Pearson, who has no family relationship to the company, said she concluded the company's private assessment centers were too small, particularly for hiring at large airports. "We knew from the very beginning that it wasn't going to work," she said.
She added that the looming congressional deadlines played a crucial role. "We didn't have a choice," she said. "I don't think the costs really got discussed."
Pearson said she acted after discussions with Jackson.
"This did not happen in a single meeting," Jackson said. "This was the cumulative judgment of dozens and dozens of people, not only people at the TSA, but also people at Pearson."
Jackson said the deciding factor was the fact that NCS Pearson did not attract enough candidates to its own assessment centers when it was hiring screeners for BWI Airport in early June 2002.
"We went out to BWI, and we used it as a test bed," he said. "It just didn't work. We couldn't get the right number of people in the right amount of time."
But contracting documents contradict that. The documents show that Pearson executives were directed to use the air marshal approach by March, nearly three months before they screened candidates for the BWI jobs.
Pearson officials later told auditors for the Defense Contract Audit Agency that they believed that their plan would have worked. "The efficiencies of such an approach are obvious -- by utilizing an existing network of test centers, with existing infrastructure, the cost to TSA would be minimized," the company told the auditors, who were asked to review the burgeoning expenses by the TSA.
On April 9, 2002, Pearson executives warned TSA officials in a formal presentation that the switch to hotels would come at a steep price -- from $251 million to $680 million.
The change would require additional security, extra logistical support, and the movement of medical and testing equipment across the Western Hemisphere.
Pearson executives later told auditors that they had to set up and dismantle assessment centers at 153 hotels and facilities throughout the United States, Puerto Rico, Guam, Saipan and the Virgin Islands.

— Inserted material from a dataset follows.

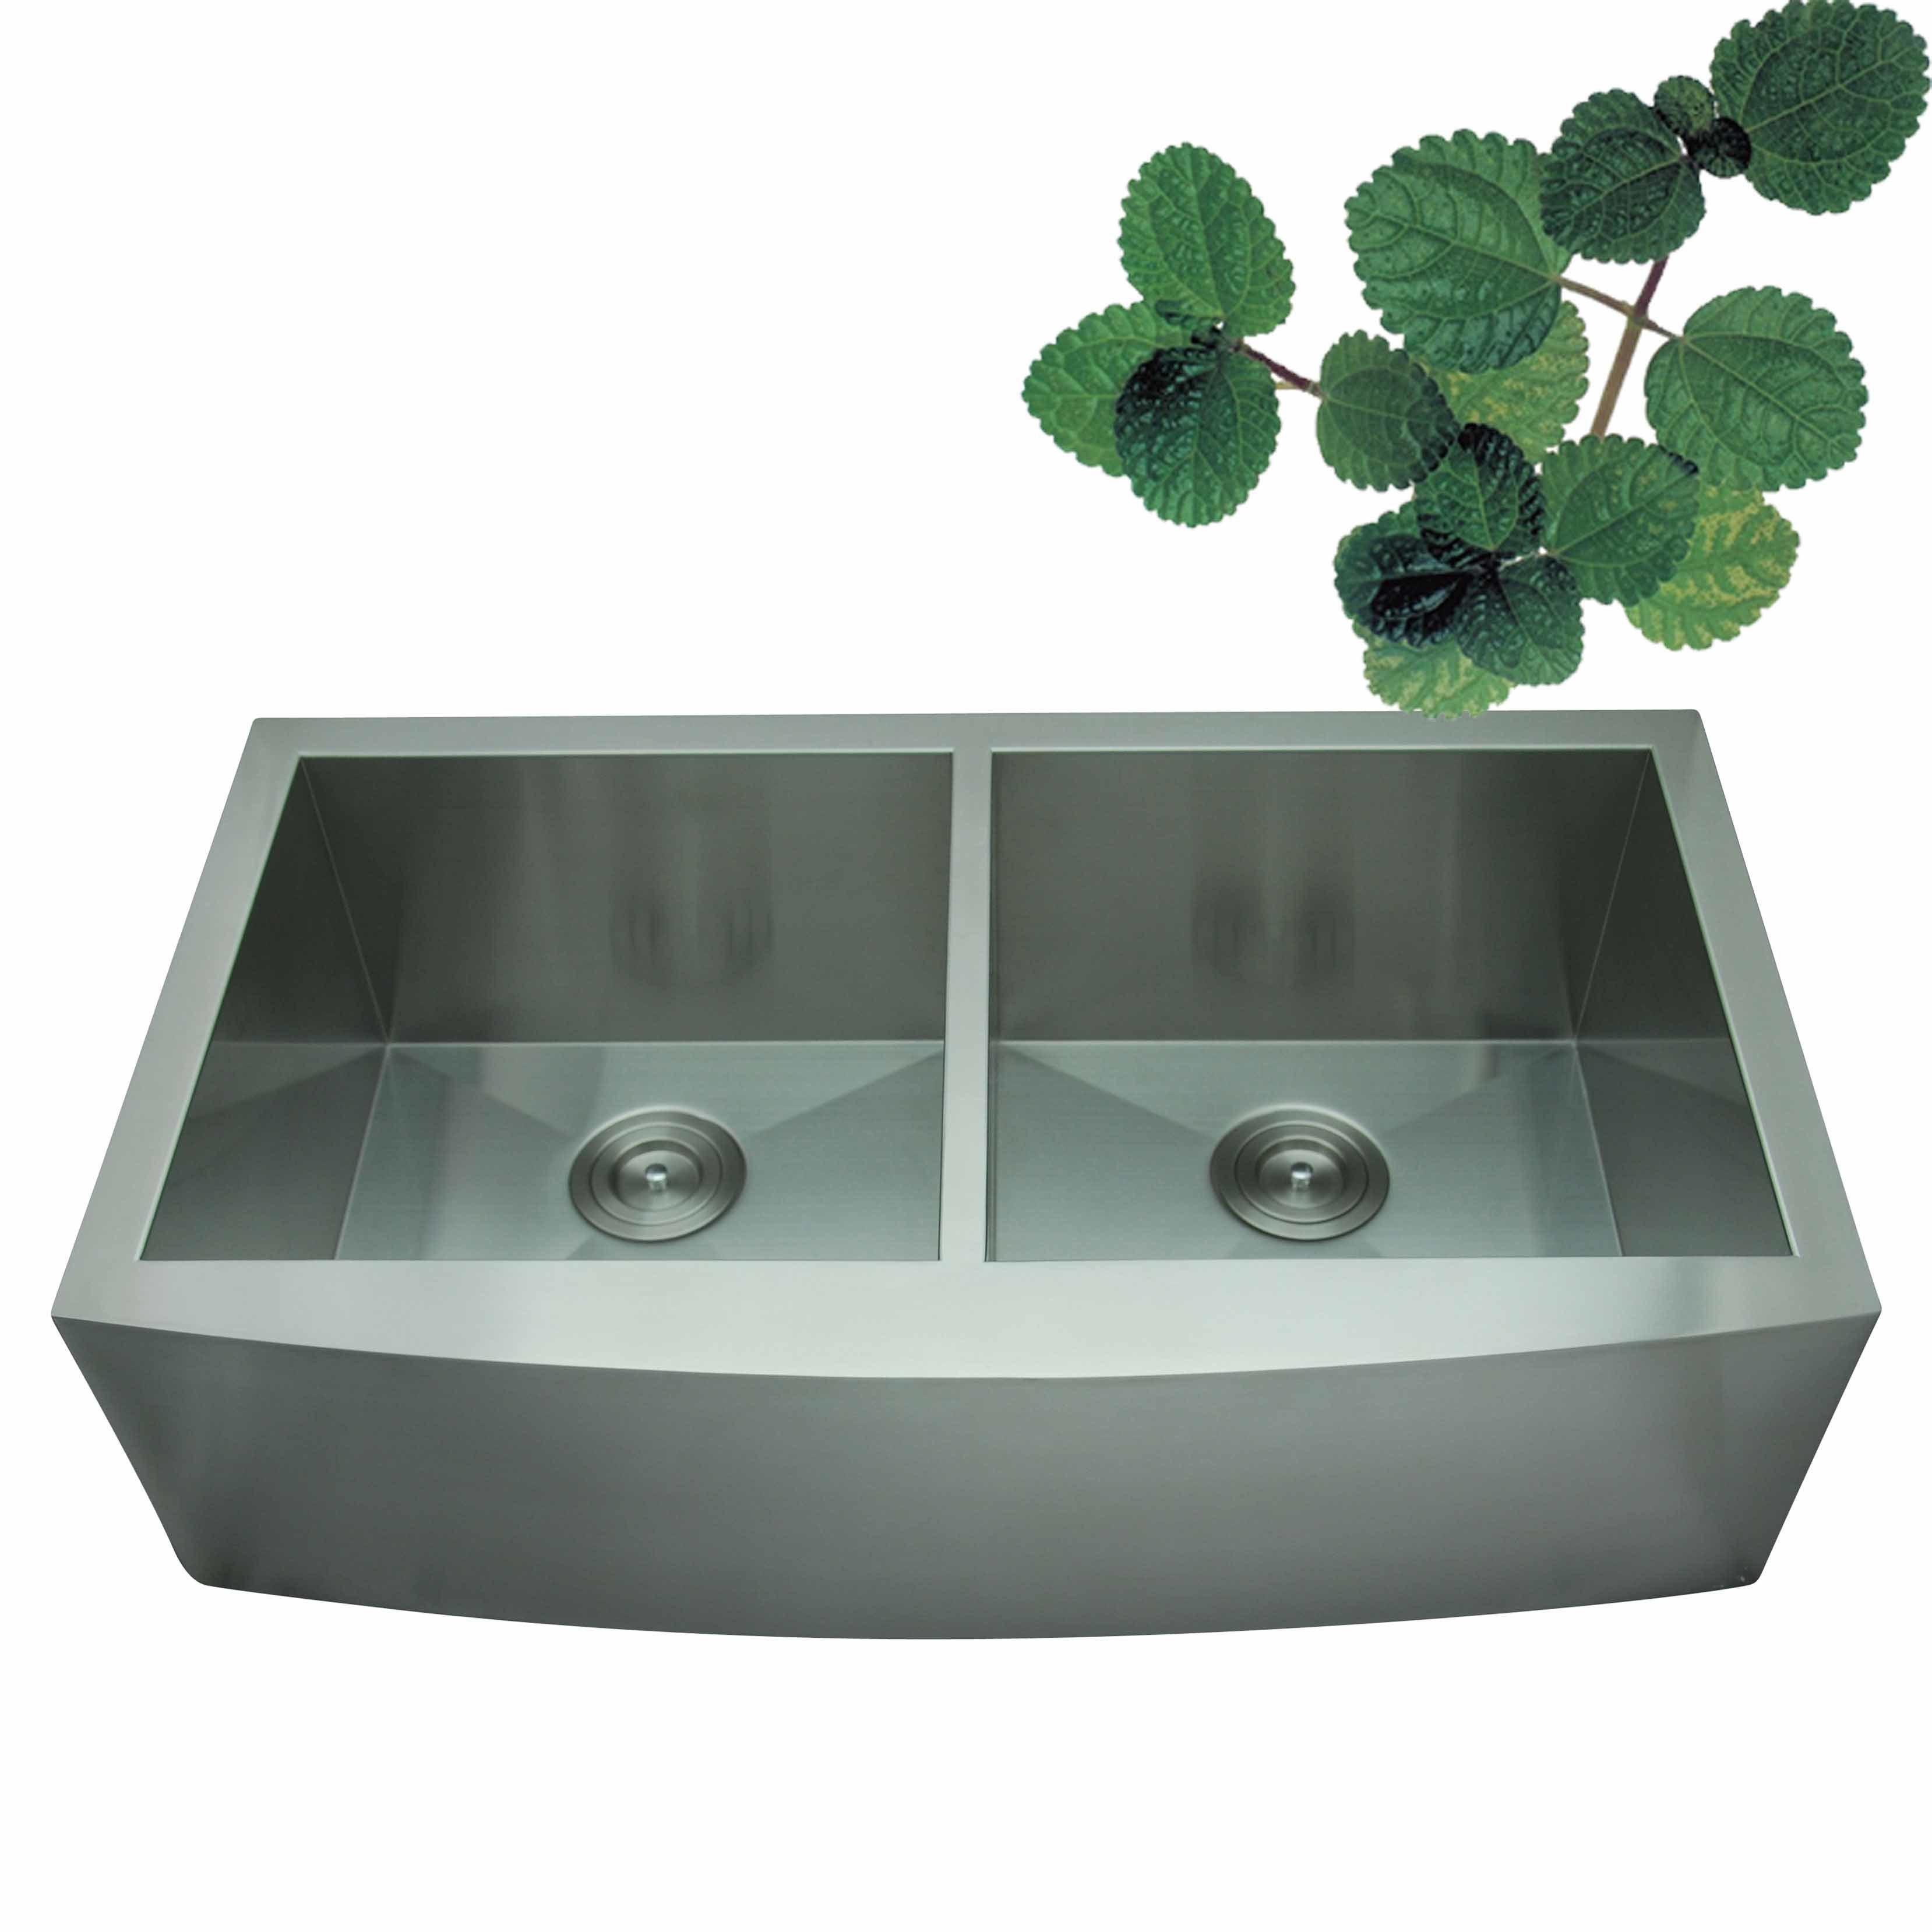 Kitchen With Apron Sink : Apron Sus304 Kitchen Satin Sink (SS-AD-3621H) - China Kitchen Sink ...

"When TSA directed Pearson to use the Federal Air Marshal model, at the very beginning of the project, we shifted gears and met their requirements," Pearson President Mac Curtis said in a recent statement.
Federal auditors eventually called into question an array of expenses, including charges of $525 for an airport shuttle trip in Tallahassee, $7,920 for beverage breaks at a Manhattan hotel and $514,000 to rent tents in Boston.
Pearson officials told the auditors that many of the issues concerning the expenses relate "to subcontracts that would not have been necessary absent such a dramatic shift in TSA's requirements."
The contract is now the subject of an investigation by the homeland security department's inspector general.
Jackson said the TSA did its best under the circumstances. "It was an extremely difficult ride," he said. "Things that would have taken years to do in the federal government, we were doing in days."
As for the lack of documentation, Jackson's spokesman, Russ Knocke, said: "It is not surprising that only limited records may exist. TSA concurs that under normal circumstances, more extensive documentation would have been drafted to reflect such decision."